Children learn key to coding success at classes in Belarus
IT firm's staff volunteer to teach refugees and local children to create interactive games and art.
Refugees and local children create interactive games and art at EPAM's programming classes.
© UNHCR/Egor Dubrovsky
Nine-year-old Masha stares at a computer screen, absorbed in a racing game.
Unlike many parents, Svetlana is keen to encourage her, because not only is Masha playing this game – she created it.
Masha is one of more than 30 children who found refuge in Belarus and are now learning how to code thanks to the IT company EPAM Systems and UNHCR, the UN Refugee Agency. Every weekend, they come together with local children in the cities of Minsk and Gomel to create interactive games and art. This eKIDS programme is the company’s social responsibility initiative.
“Computers and programming are our future,” says 26-year-old Yura, Masha’s teacher in Minsk. “Some of these children are living in a different world, it’s really impressive. You can just imagine what they will do in the future.”
“We can give them a better future.”
About 70 EPAM staff members like Yura volunteer to teach some 300 children in the eKIDS programme. Among aspiring IT experts are youngsters who have fled upheaval in Ukraine, Afghanistan and beyond. Now, safe at last, the children have hope for the future and a chance to make friends.
“They already have complex lives,” Yura says. “We can give them a better future.”
Masha feels right at home in these classes, having been forced to flee her own in Donetsk, Ukraine, three years ago.

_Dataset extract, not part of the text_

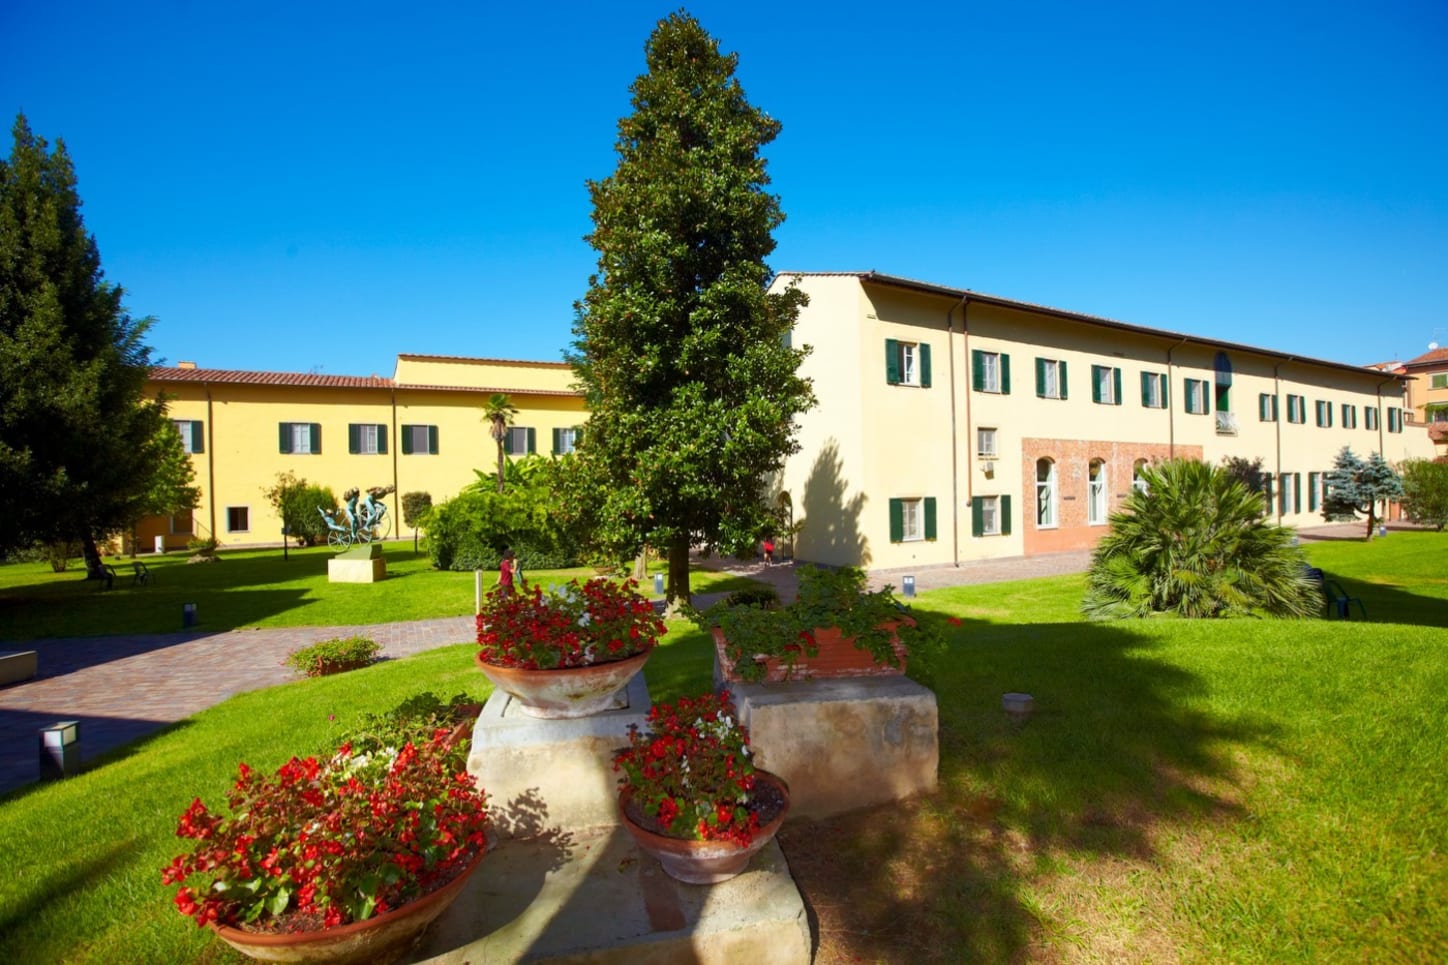 Scuola Superiore Sant’Anna PhD in Management Innovation, Sustainability and Healthcare

“We had just started achieving all our dreams,” says Svetlana. “We’d had three children, we’d bought our dream house. We’d started a garden and planted 50 trees. Then the conflict began. We would hear the fighting at night and I couldn’t sleep because of the worry. It was getting closer and closer.”
One evening, as the shells pounded the streets of home city Kramatorsk, Svetlana and family locked their door and boarded the night train. Belarus, the country next door, gave them the protection they needed.
“I think you have to appreciate your life here and now,” says Svetlana. “Nobody ever knows how it will be in future and we should be happy.”
It has not been easy for Svetlana to stay positive. Once a teacher, she now cleans equipment in a factory, after taking the first job she could find in Minsk. Her husband works for the local utilities board.
EPAM’s computer classes give the whole family a sense of belonging and hope.
"I have never seen my daughter like this.”
“Our family income is low,” says Svetlana. “We would not have been able to pay for these classes. As a mother, I am truly grateful for this opportunity, so is my daughter. She was so sad when the last semester was over.”
One of Masha’s classmates, seven-year-old David, also fled the conflict in Ukraine with his family. Like her, he loves the coding classes, although it takes him and his mother Kristina more than an hour’s travel on public transportation.
“It’s good for his development,” says Kristina. “It’s important, too, that it’s free for us. We heard that some people pay up to one hundred rubles (US$50) for these kinds of classes and that is a lot. It would be silly to deny him this opportunity.”
“Plus, there is free hot chocolate here!” says David, happily.
The coding classes are an example of how private partnerships can contribute to social cohesion, bring refugees and local children together.
“We are very glad to help bringing such opportunities and experiences for the children, especially to the children who had to escape their home countries to have a normal life," says Arkadiy Dobkin, the CEO and president of EPAM Systems. "We are also very thankful to UNHCR for the opportunity to partner with for such programs which bring joy and some level of happiness to those kids. EPAM plans in the future to continue the effort of expanding similar programs within our broader eKIDS initiative."
Masha loves the classes so much that she and Svetlana travel for up to two-and-a-half hours each way on three buses to get here. One weekend, when she was ill, she begged her mother to let her attend. “I’ll wear a mask!” she promised.
At last, the youngster is finding a new, happier life in Belarus.
“There is a new wave of something in her life,” says Svetlana. “She’s got a new perspective. She is now looking forward to weekends and her outlook is broadening. It’s drop by drop. I have never seen my daughter like this.”